The Paris Apartment Book Review

The Paris Apartment by Lucy Foley: Book Review

*Warning: This review contains spoilers*

*Content Warning*
This review contains mentions of sex trafficking. 

Introduction

Okay, so… I don’t actually like giving negative reviews of books. I don’t seek out to dislike books. I genuinely always go into a book with the hopes I’ll enjoy it. I would love to live in a world where the lowest rating I ever gave a book was a 3.5, where most books could be 4s and 5s and faves.

Unfortunately, that’s not the case for The Paris Apartment by Lucy Foley. I was so intrigued to read this book because I studied French for five years and wanted to read a thriller with French undertones. 

What I got instead was mostly just a disappointment. 

Summary and Review

First of all, I would like to say that the protagonist of this story, Jess, adds absolutely nothing to the story at all. She isn’t dynamic as a character at all, barely has her own arc, and adds relatively little to the actual plot. In fact, most the plot is taking place in the flashbacks before Jess even arrives in the story. Her character literally exists for no other reason than to guide the reader through the mystery, because Foley needed a POV character who didn’t know the twist and could therefore keep the mystery and mystery. But she didn’t bother to actually give Jess a story of her own. 

Second of all, there is not one single likable character present in this story. You won’t root for anyone, you won’t feel bad for anyone, you won’t really care what happens to any of them. Honestly, you probably won’t even care enough about any of them enough to dislike them either. It’s basically a story about a messed-up, rich, dysfunctional family with a “sinister” secret, so there’s not much to like. I’m not saying you necessarily need a character to be likable to be interesting to read about; villains and morally gray characters are often fun too. But these characters are such bland, flat stock versions of the archetypes they represent that they lack any of the intrigue necessary to even make villains interesting. They basically make this story feel like a caricature of a mystery/thriller story. 

That being said, the part of this story that really, truly made me dislike this book isn’t the boring characters. It’s the recurring element that every member of the family with infatuated and sexually pursuing the same man (??????)

Jess’ brother Ben is the newcomer in town and is apparently going to discover the family’s involvement in their dark secret (spoiler alert, it’s a sex trafficking ring *vomit*). Anyway, the matriarch of the family—a middle aged woman named Sophie—has an affair with the much younger Ben. Her stepson Nick, a man about Ben’s age, also fools around with him, discovering that he’s LGBT in the process, and the nineteen-year-old daughter, Mimi, is literally so infatuated with Ben that she ends up breaking into his apartment, dressing herself in lingerie, sprawling on his bed to wait for him to come home, and then seduce him (????)

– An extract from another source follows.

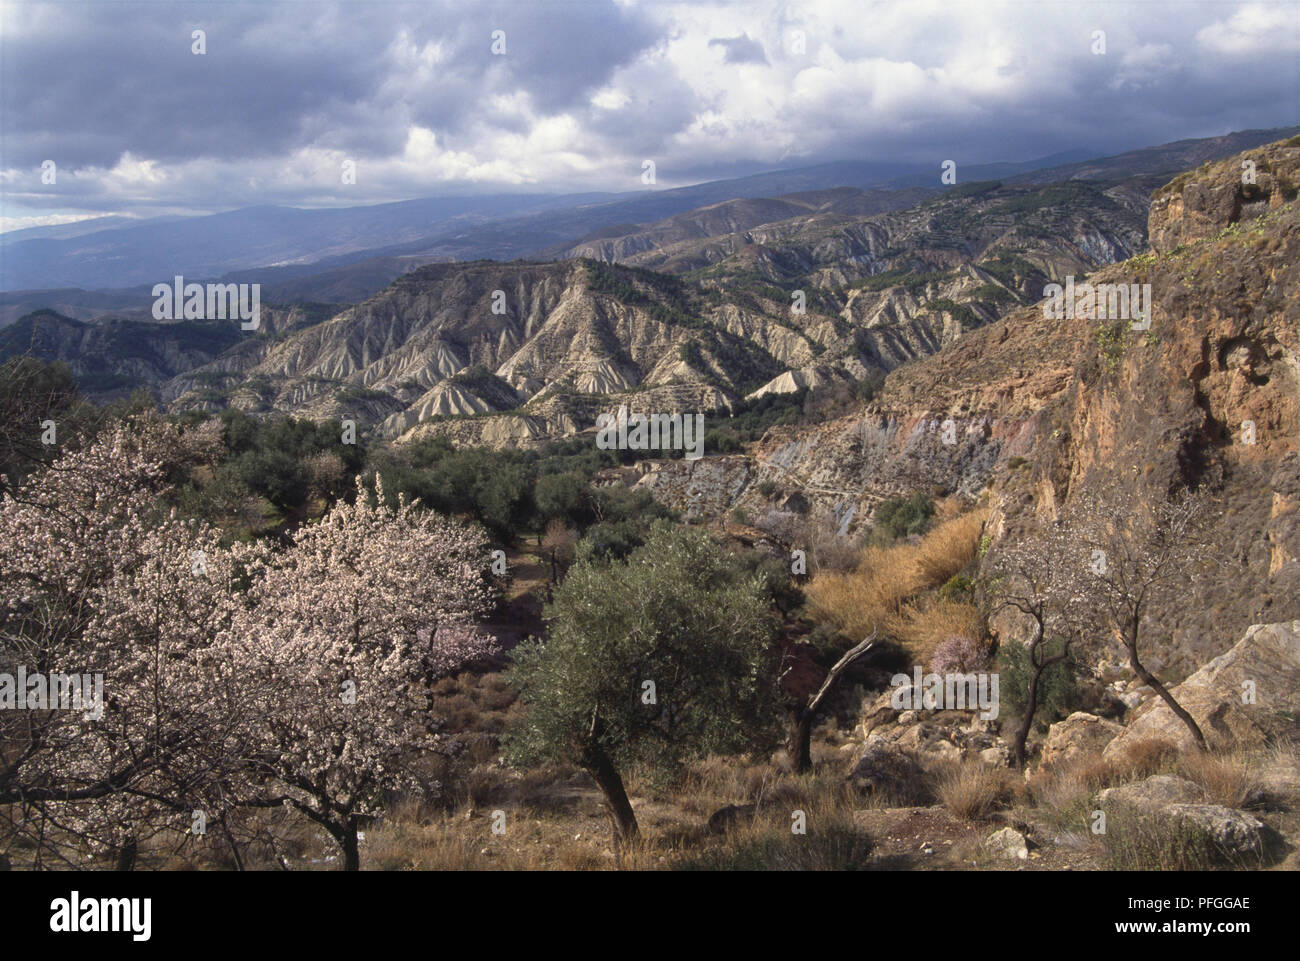 Spanien, Andalusien, Granada, Sierra Nevada von Peak gesehen. Stockfoto

I’m sure I don’t need to explain all the levels of absolute creepy that little plot point is. And, especially, imagine if the gender roles were reversed and a guy was breaking into a woman’s apartment who he barely knew and laying himself out on her bed to try and seduce her by surprise when she got home. If you think that’s bad (which you should), then you shouldn’t find it less horrific when Mimi did it just because she’s not a man. 

The storyline between Ben and Nick is also the worst exploration of a coming out/realizing your gay story I have ever read. There was such an underlying homophobic tone to the whole thing that I was practically gagging along with the truly abysmal, harmful representation that Foley gave. 

Aside from the problematic elements of this story, the other truly baffling part of it is that, by the end, I didn’t even understand why these people were all so infatuated with Ben. His character wasn’t fleshed out at all, so there wasn’t anything special about him. If you’re going to have multiple characters all fall head over heels for the same character, you better explore why that character is so magnetic. Otherwise, the reader is just going to be confused like I am about Ben. 

There’s also a lot of “plot twists” at the end of this story that don’t make a whole lot of sense. Sophie is actually formerly one of the sex-trafficked girls and now the family’s matriarch, Mimi isn’t really her daughter, and *gasp* Ben isn’t actually dead! They actually murdered Jacques, one of the stepbrothers, and passed his corpse off as Ben’s to cover it up (how, I really don’t know, forensics exist so…). 

Oh, and in the end, Jess gets money to start a new life if anyone cares. 

Final Thoughts

Unfortunately, I have to give The Paris Apartment 1 star. I didn’t find anything in it that I really liked. If you liked or loved this book, I’m not trying to sway or change your opinion, if anything I’m glad you actually found something to enjoy in it where I didn’t! Sadly, it’s a pass from me.